I take a mental note to book her in for a psych workup. The shift is too sudden, too unhinged. This isn’t how someone with sound mental health operates.

When Cameron shifts her focus to the kitchen, Grayson stops profiling her and instead becomes a caring partner and friend. He fills the dishwasher before washing the handful of pots that won’t fit in it. They don’t talk. They don’t even look at each other. They just roll through the motions like this is the credits of their brief feature film.

Once the drying rack is empty, Grayson shifts on his feet to face Cameron. She’s quiet, too quiet, though I predict her simmering anger shifting to a boil when Grayson announces that he’s heading out.

She dips her chin, acknowledging that she heard him, but she doesn’t comfort him with her eyes or her words. She wants to break his heart with silence, as if it isn’t already in tatters.

Relief washes over me when Grayson doesn’t fall for her mind games. After a brief “Night,” he heads for the front door.

He’s out, and he’s safe.

At last, I can breathe freely.

I close my laptop before tucking the evidence I used to snoop under my seat. I’ll tell Grayson about how I witnessed the fight when the moment is right. I don’t want to force him to admit anything he said during their fight, any more than I want the fantasy stripped from me. He most likely said he loved me to end their fight. He didn’t mean it. Right?

I’m about to sling open my door and hobble to the driver’s seat, needing something to keep my hands occupied when Grayson returns to my side, when a knock taps at my window.

I jump, startled someone snuck up on me unawares. An elderly lady stands outside my car, bundled in a thick cardigan. Her white hair is pulled back in a neat bun, and she is sheepishly smiling.

“Sorry to bother you, dear. My battery is dead. Would you mind giving me a jump?”

Really, karma? Now?

I slant my head to hide my grimace. This is karma biting back for the stunt I pulled on Cameron yesterday.

A brisk wind whips out the lady’s cardigan, and when she shivers, I remember how badly I want to stay on karma’s good side. “Of course. Let me grab the cables.”

Careful not to place excess weight on my foot that had a shard wedged in it, I climb out of my car. The cuts sting, but I clench my teeth and limp to the trunk.

After pulling out the jumper cables, I follow the woman to her car parked five rows back.

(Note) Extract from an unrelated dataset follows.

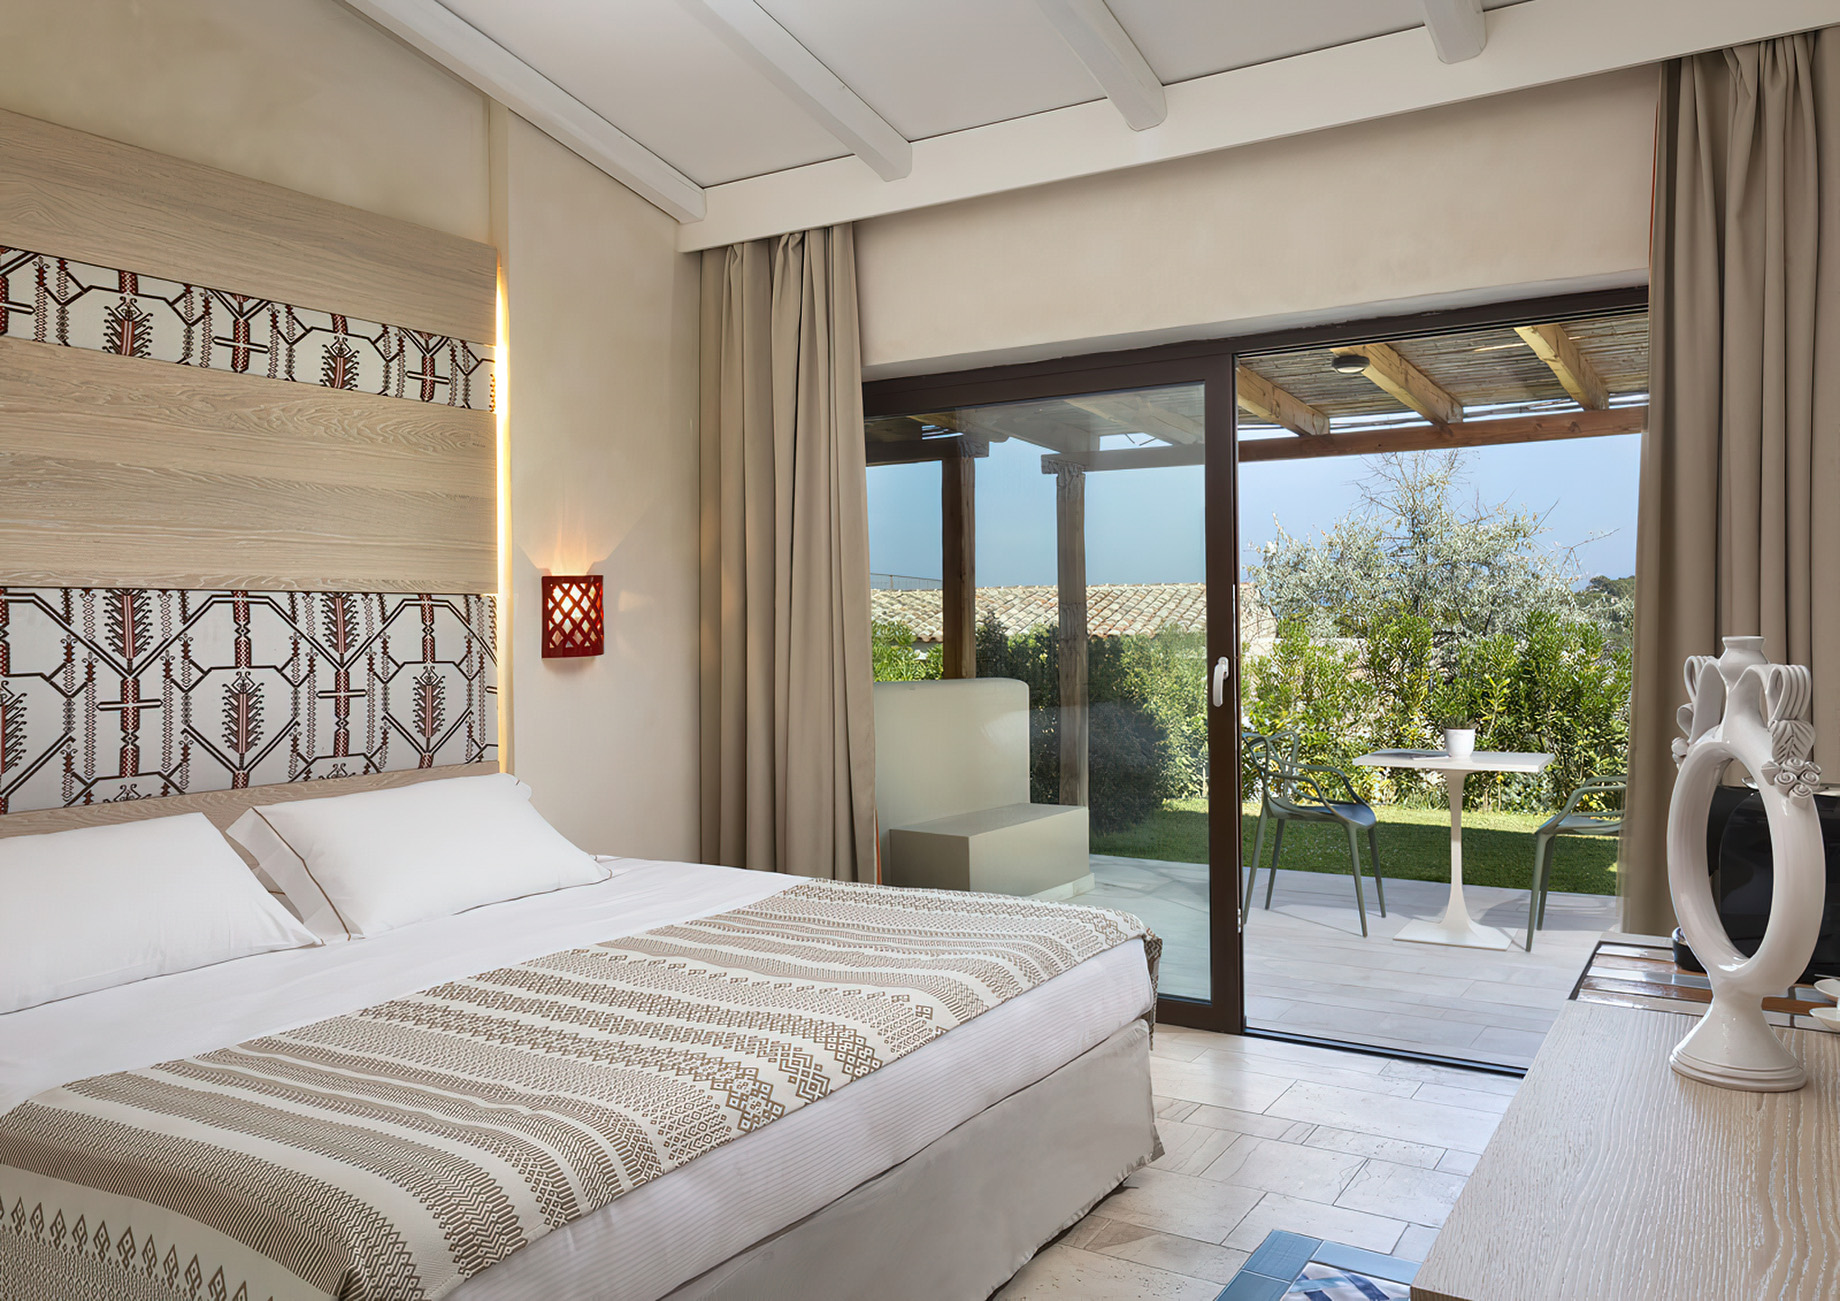 Baglioni Resort Sardinia – San Teodoro, Sardegna, Italy – Superior Room

She pops up the hood while I untangle the leads that are as messy as my head. I can’t stop replaying Grayson’s words, and they have me the most distracted I’ve ever been.

This is evident when I attempt to connect the cables to the battery’s terminals. The terminal clamps aren’t connected to the battery. They’re flapping in the salty breeze whipping off the coast.

While frowning so hard I’ll worry about a new wrinkle, I lock eyes with the lady no longer seated behind the wheel. She balances her chunky hip on the wheel arch of a dark SUV parked next to her sedan. “Ma’am, your battery isn’t dead. It’s⁠—”

Before I can finish my sentence, pain explodes behind my eyes, and the world tilts sideways. I crank my neck to see what slammed into me so fiercely that I’m instantly dizzy, but my legs buckle out from beneath me, and I collapse to the ground in a heap before I can see anything.

The last thing I see before I’m struck again is the evil grin of the elderly woman when she leans over me and whispers, “Go to sleep, dear. It will be less painful this way,” while jabbing a syringe into my neck.

36

GRAYSON

As I leave Cameron’s apartment, my breaths rattle in my hollow chest. Our fight was ugly. Words flew like knives, and accusations and truths tangled together so ruefully that it was hard to tell them apart. But as I step out of the elevator and into the lobby, I feel lighter on my feet. Freer. Even with Cameron’s mental stability weighing heavily on my shoulders, I know the direction I need to take to right my wrongs and still have a chance at happiness.